4.º) No residir de forma permanente en centros o establecimientos de titularidad pública donde se encuentran cubiertas las necesidades básicas de subsistencia de sus usuarios, sin perjuicio de lo dispuesto en el artículo 4.5 de la presente ley.

2. La persona solicitante de la ayuda económica básica, además, deberá ser mayor de veinticinco años y menor de sesenta y cinco, si bien también podrán ser solicitantes las personas que, reuniendo el resto de los requisitos establecidos en el apartado 1 de este artículo, se encuentren además en alguna de las siguientes circunstancias:

a) Ser menor de veinticinco años y tener a su cargo hijos o hijas menores de edad, menores de edad tutelados o en régimen de acogimiento familiar, o tener a su cargo personas con discapacidad en grado igual o superior al 33 % o personas dependientes reconocidas de grado III y II, siempre que convivan de manera efectiva con la unidad de convivencia. Asimismo, se tendrán en cuenta los casos de menores de veinticinco años sin hijos que estuvieron en situación o en riesgo de exclusión social de conformidad con el artículo 1.

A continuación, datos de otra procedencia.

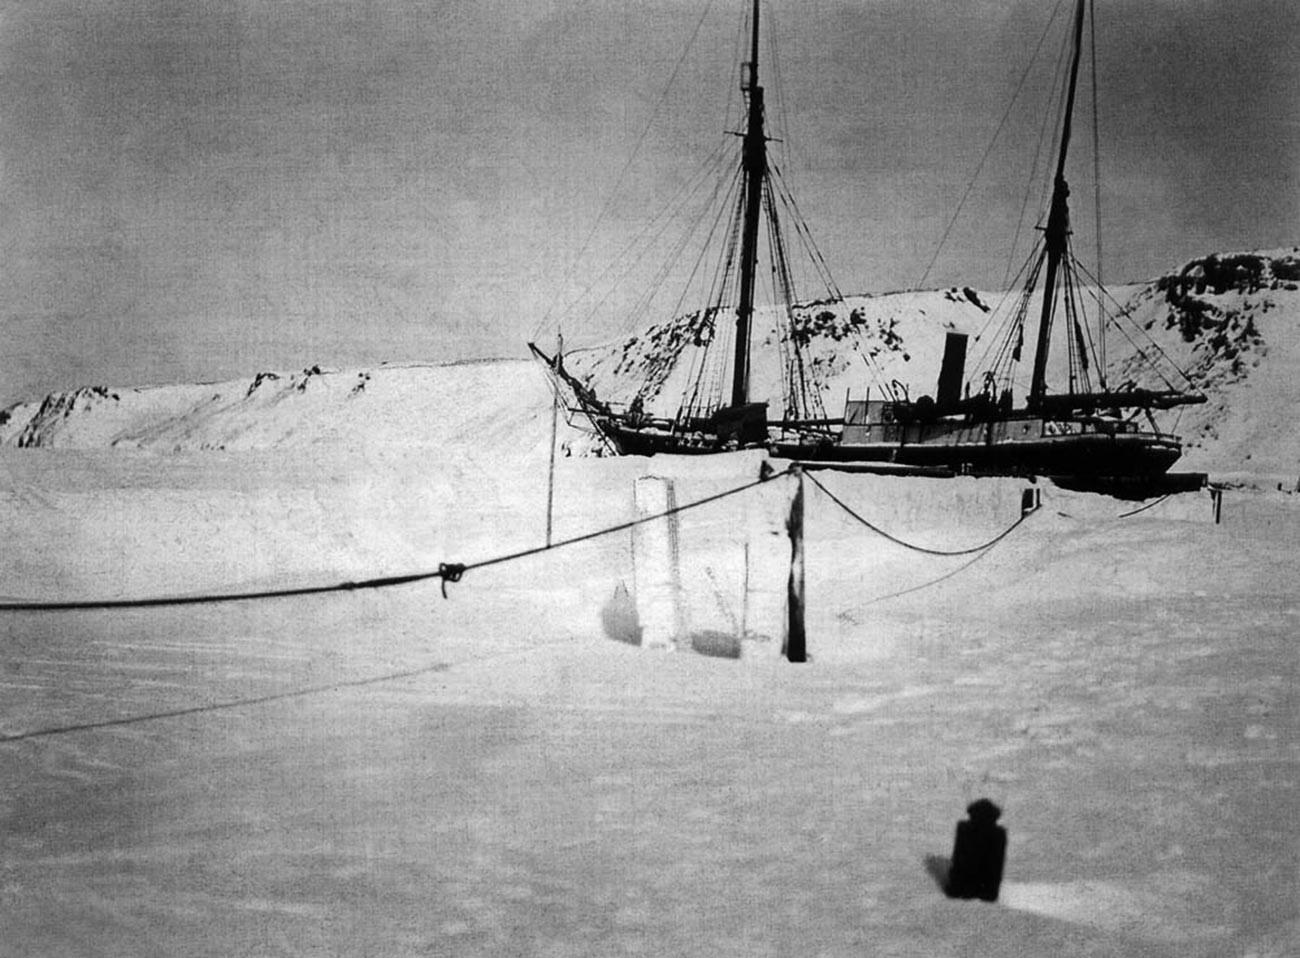 Hivernage du navire de Sedov près de l'archipel russe de la Nouvelle-Zemble

b) Tener una edad comprendida entre dieciocho y veinticinco años y haber estado tutelado por la Administración de la Comunidad Autónoma antes de alcanzar la mayoría de edad.

c) Tener una edad superior a sesenta y cinco años y no tener derecho a ser titular de pensión u otra prestación análoga a la ayuda económica básica.

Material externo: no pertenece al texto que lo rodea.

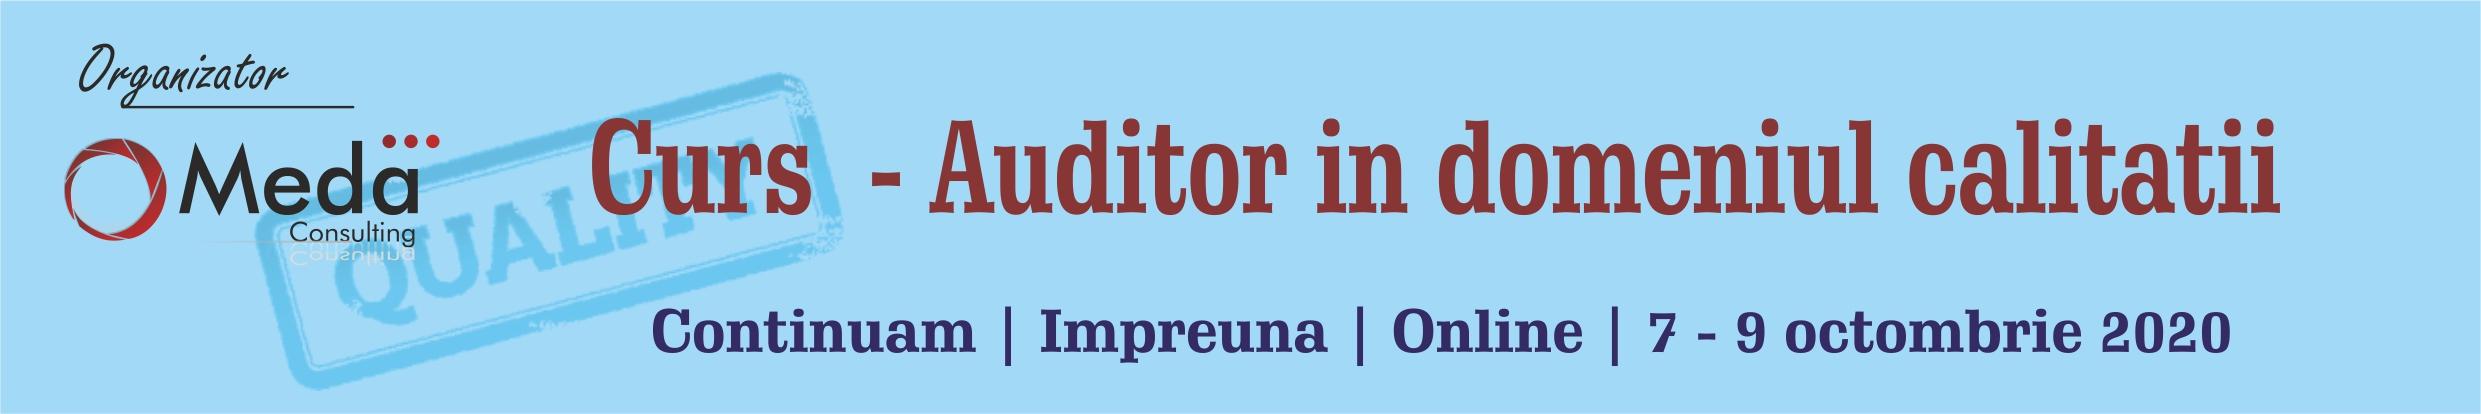 Curs - Auditor in doeniul calitatii

d) Tener una discapacidad igual o superior al 33 %, ser mayor de dieciocho años, o de dieciséis años estando emancipado, y no tener derecho reconocido a pensión pública o cualquier otra ayuda económica asimilada.

e) Ser emigrante canario retornado, menor de veinticinco años o mayor de sesenta y cinco, y no tener reconocido el derecho a prestaciones públicas cuya cuantía acumulada, en su caso, fuese igual o superior a la que en concepto de ayuda económica básica de la Prestación Canaria de Inserción le pudiera corresponder.

f) Ser menor de veinticinco años, refugiado o beneficiario de protección subsidiaria, o con solicitud de protección internacional en trámite, o tener, aunque no le haya sido admitida esta, o habiendo sido admitida a trámite y resuelta desfavorablemente, autorizada su estancia o residencia en España por razones humanitarias, en el marco de la legislación reguladora del derecho de asilo y la protección subsidiaria, o su permanencia en España en los términos previstos por la normativa reguladora de los derechos y libertades de los extranjeros en España y su integración social, y no tener, en ambos casos, reconocido el derecho a ninguna otra prestación pública en cuantía igual o superior a la que en concepto de ayuda económica básica de la Prestación Canaria de Inserción le pudiera corresponder.

g) Ser mayor de dieciocho años y víctima de maltrato doméstico.

h) Ser huérfano de padre y madre sin derecho a pensión.

i) Ser mujer de entre dieciocho y veinticinco años y tener la condición de víctima de violencia de género.

3. Excepcionalmente, y por causas objetivamente justificadas en el expediente, podrán ser beneficiarias de la ayuda aquellas personas que constituyan unidades de convivencia en las que, aun no cumpliendo todos los requisitos enunciados, concurran circunstancias que las coloquen en situación de extrema necesidad, las cuales serán reglamentariamente determinadas. La resolución por la que se conceda la ayuda deberá, en estos casos, estar suficientemente motivada.»

Cinco. El artículo 8 pasa a tener la siguiente redacción:

«Artículo 8. Determinación de recursos.

A los efectos de determinar los ingresos percibidos por la persona solicitante y los demás miembros de la unidad de convivencia, para comprobar el cumplimiento del requisito de carencia de recursos económicos suficientes previsto en el artículo 7.1.2.º y, en su caso, aplicar las deducciones correspondientes al importe de la ayuda económica básica a percibir, no se computarán:

a) Las cantidades recibidas en concepto de ayudas sociales de carácter finalista, no periódicas, o concedidas para paliar situaciones de emergencia social.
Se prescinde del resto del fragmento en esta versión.